The contention that the assessment is invalid because it includes incidental expenses, and the sum of $33,400 for the *54purpose of erecting a pump and maintaining the same, cannot be sustained. (Reclamation District v. Hagar, 66 Cal. 56.)

It is claimed by the appellant that the district “lost its corporate existence by reason of the non-user of its functions, and by reason of the total failure on the part of its officers and land-owners to act as a corporation but there is no such thing in this country as forfeiture of a charter of a municipal corporation through the acts or misconduct of its agents or officers. Any neglect to use the powers in which the public or individuals have an interest may be corrected by the courts. As such corporations can exist only by legislative sanction, so they can only be deprived of their existence by act of the legislature, or a judicial sentence based upon legislative provision and sufficient facts.
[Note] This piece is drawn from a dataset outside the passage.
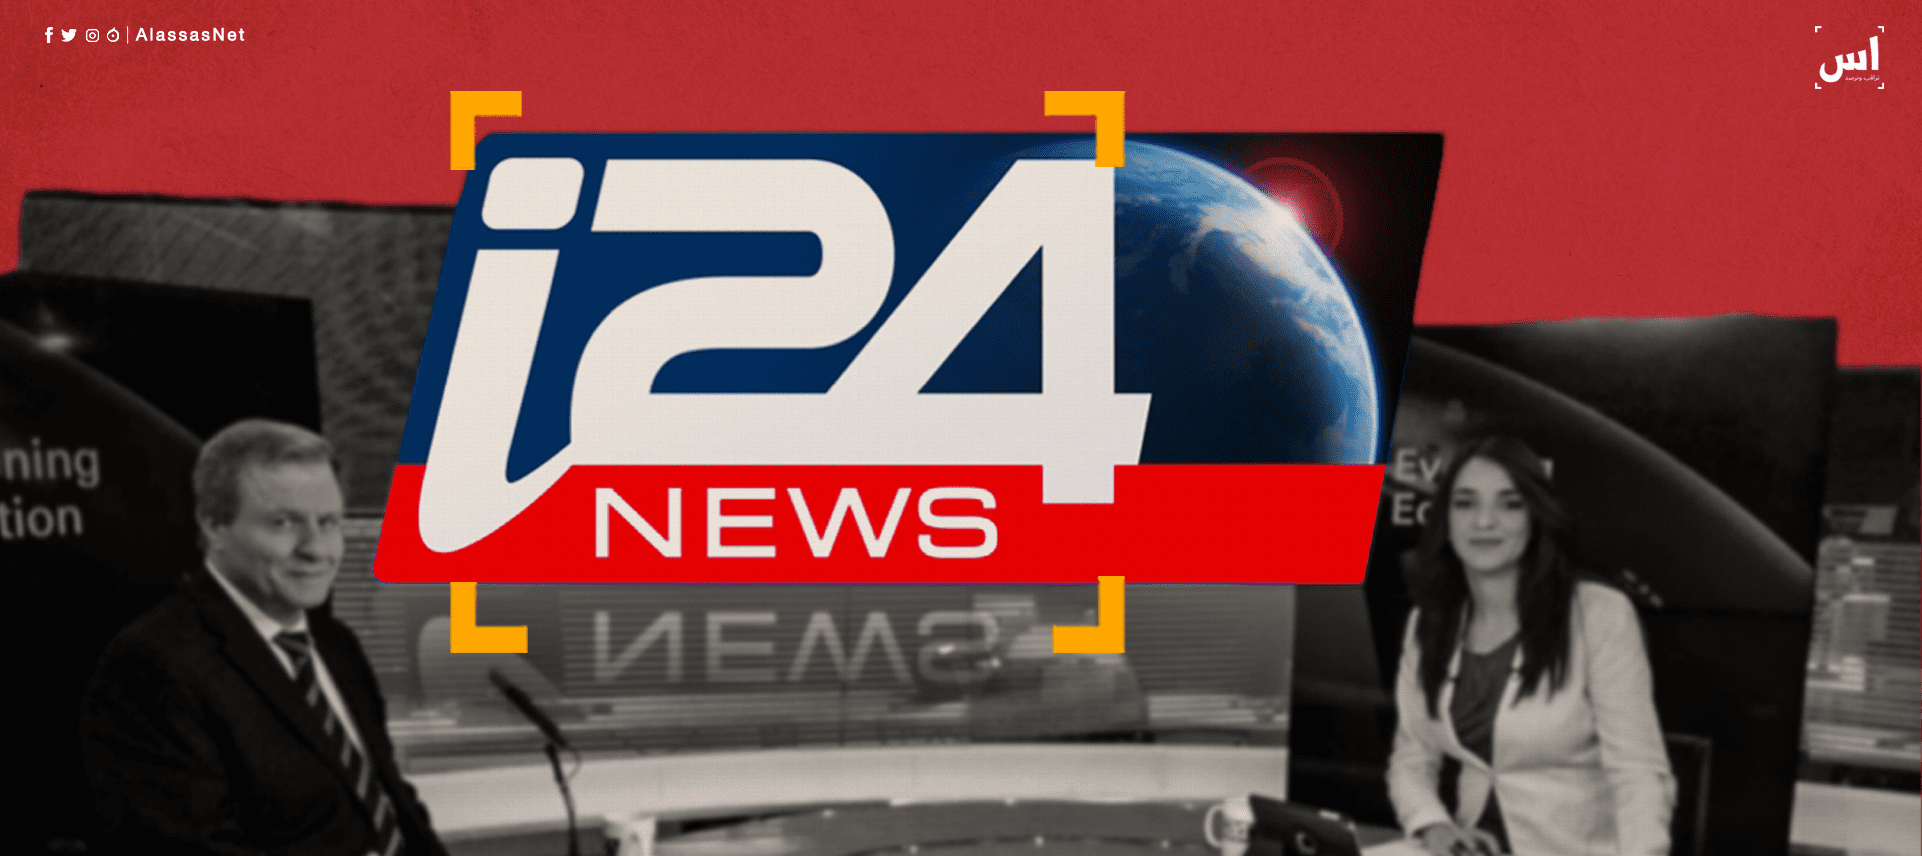 قناة I24 العبرية الحرس الثوري حاول اغتيال رجل أعمال إسرائيلي داخل جورجيا

The court did not err in overruling the defendants’ objection to the introduction in evidence of the order of the board of supervisors of Yolo County appointing commissioners. The act under which the plaintiff was organized provides that “all assessments for reclamation purposes in said district shall be made as provided in the Political Code.’’ The act itself shows that the district 'is entirely within the boundaries of Yolo County. It follows, therefore, that although the board of supervisors of that county did not form the district, yet such board is the proper tribunal to which report should be made. (Rclamation District v. Goldman, 65 Cal. 643.)

Other errors are alleged, but we find no merit in any of the points made by the appellant.

The judgment and order are therefore affirmed

Harrison, J., and Garoutte, J., concurred.